Le jeune ambitieux aura donc réussi son incroyable pari : être issu d'une administration sortante ô combien décriée, mais décrocher, à seulement 39 ans, le Graal politique. Un véritable exploit rendu possible par le vieillissement d'une concurrence par ailleurs globalement porteuse de recettes éculées.

Symbole du renouvellement de l'offre politique, d'une jeunesse ambitieuse et audacieuse, Emmanuel Macron sera néanmoins attendu au tournant dès ses premières semaines à l'Elysée et nombreux sont ceux qui, face en particulier à sa volonté de réforme le code du travail par ordonnance, pressentent déjà des troubles sociaux d'envergure.

Les Français étant légitimistes, on peut tout de même s'attendre à ce que le fougueux successeur de François Hollande bénéficie d'une majorité parlementaire au terme des élections législatives du mois prochain, relative presque assurément, absolue peut-être.

Nul besoin cependant d'être grand clerc pour présumer, quelle que sera l'issue desdites élections, d'oppositions fortes ou plus exactement extrêmes à ce président au moins autant élu pour faire barrage à Marine Le Pen que pour son programme, dont les ressorts échappent au demeurant à des millions de Français. Sans doute le revers de la médaille pour celui qui aura réussi le tour de force de ringardiser le Parti socialiste et, à un degré moindre, les Républicains.

Les partis traditionnels phagocytés

Ces derniers sont aujourd'hui en grande difficulté, après avoir perdu une élection gagnée d'avance. Certains ténors du parti, à l'image de Bruno Le Maire, se sont très tôt dits prêts à travailler avec la nouvelle administration. Les autres, majoritaires, préfèrent se concentrer sur les législatives, convaincus que les Républicains sont en mesure d'imposer une cohabitation à Emmanuel Macron.

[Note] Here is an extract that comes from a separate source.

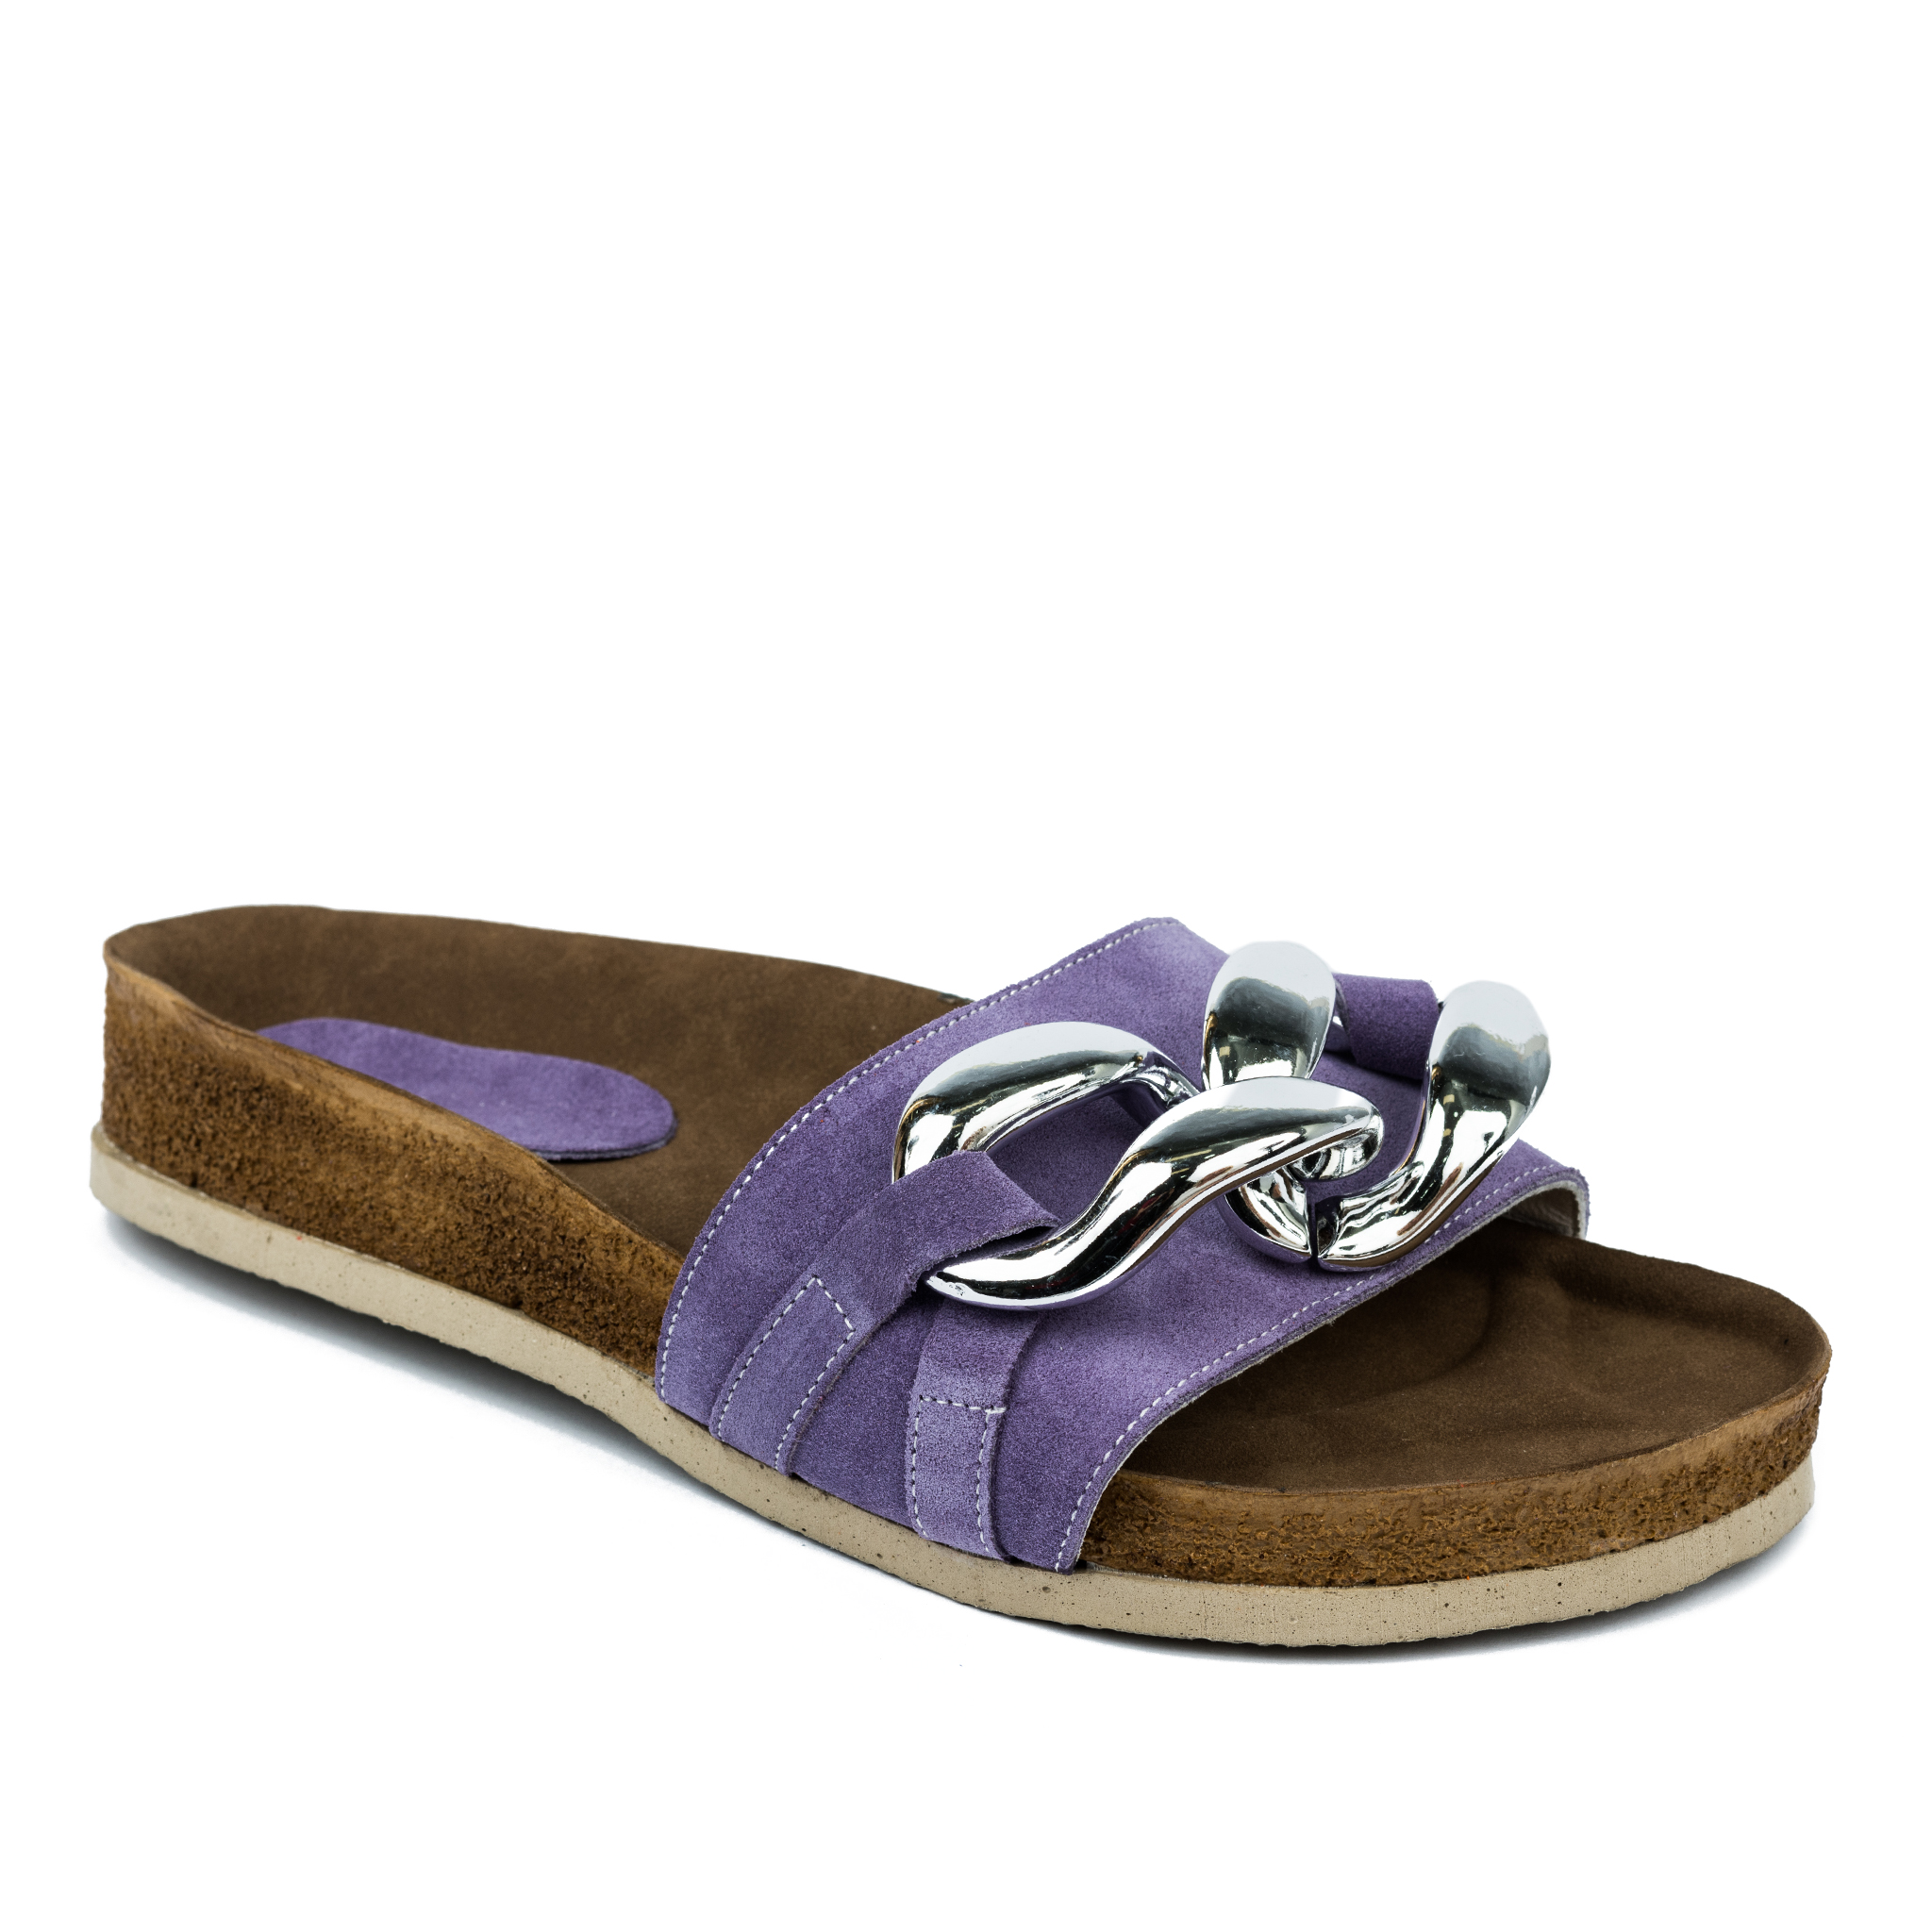 Leather slippers MANALI - VIOLET

Dans le cas contraire, "LR" aura du mal à échapper à une remise à plat profonde qui pourrait accoucher d'une "centrisation", considérant que labourer les terres du Front National n'est plus payant depuis 2007 et l'"OPA" de Nicolas Sarkozy sur l'électorat frontiste.

Cette refonte apparaît d'autant plus nécessaire étant donné la force actuelle d'un FN qui aspire lui-même à se réformer, probablement en ripolinant son image et en préconisant un programme économique plus réaliste, et plus lisible.

Le parti de Marine Le Pen pourrait aussi se poser en champion exclusif de la souveraineté nationale, surtout si la droite classique se "macronise", aidé en cela par son alliance controversée avec "Debout la France". Etant donné la vigueur actuelle de l'euroscepticisme dans nos frontières - euroscepticisme qui ne va pas forcément de pair avec la sortie de l'euro, boulet du FN durant le scrutin présidentiel - et la recomposition de l'échiquier politique, désormais bien enclenchée, il conforterait sans doute par là-même sa position de premier opposant.

Il convient en outre de ne surtout pas oublier le score colossal enregistré par la France insoumise, autre force anti-européenne redoutable et qui a littéralement avalé le Parti socialiste, plus sûrement encore que le FN et son nouvel allié Nicolas Dupont-Aignan ont compromis les desseins élyséens de François Fillon.

Les manifestations de ce jour ont annoncé la couleur : si les électeurs mélenchonistes ont pour la plupart voté Emmanuel Macron au second tour, c'était uniquement en raison des idées jugées inacceptables de sa rivale.

L'ancien ministre de l'Economie l'a bien compris : il ne s'agit pas d'un blanc-seing, ni d'une approbation tardive d'un programme dont il est acquis qu'il échouera à atténuer toutes les crispations. Il aura face à lui, à ses velléités réformatrices, à sa fougue et à son orgueil d'homme à qui tout a réussi jusqu'ici des opposants remontés comme des pendules, autant contre ses idées que contre le système au sens large, la finance et l'Europe technocrate. Emmanuel Macron se devra d'en tenir compte et passera certainement cinq ans à jouer les équilibristes, entre la nécessité d'accomplir et celle de ne pas diviser encore plus le pays.

Il devra aussi tenir compte de la forte menace islamiste, dans un pays excédé, avide de fermeté, de contrôles renforcés, de lois plus strictes, mais qui refuse toujours les généralisations et les amalgames.

Les défis sont colossaux. On saura dans cinq ans si l'homme que les Français viennent de porter à l'Elysée, davantage par défaut que par adhésion, saura les relever.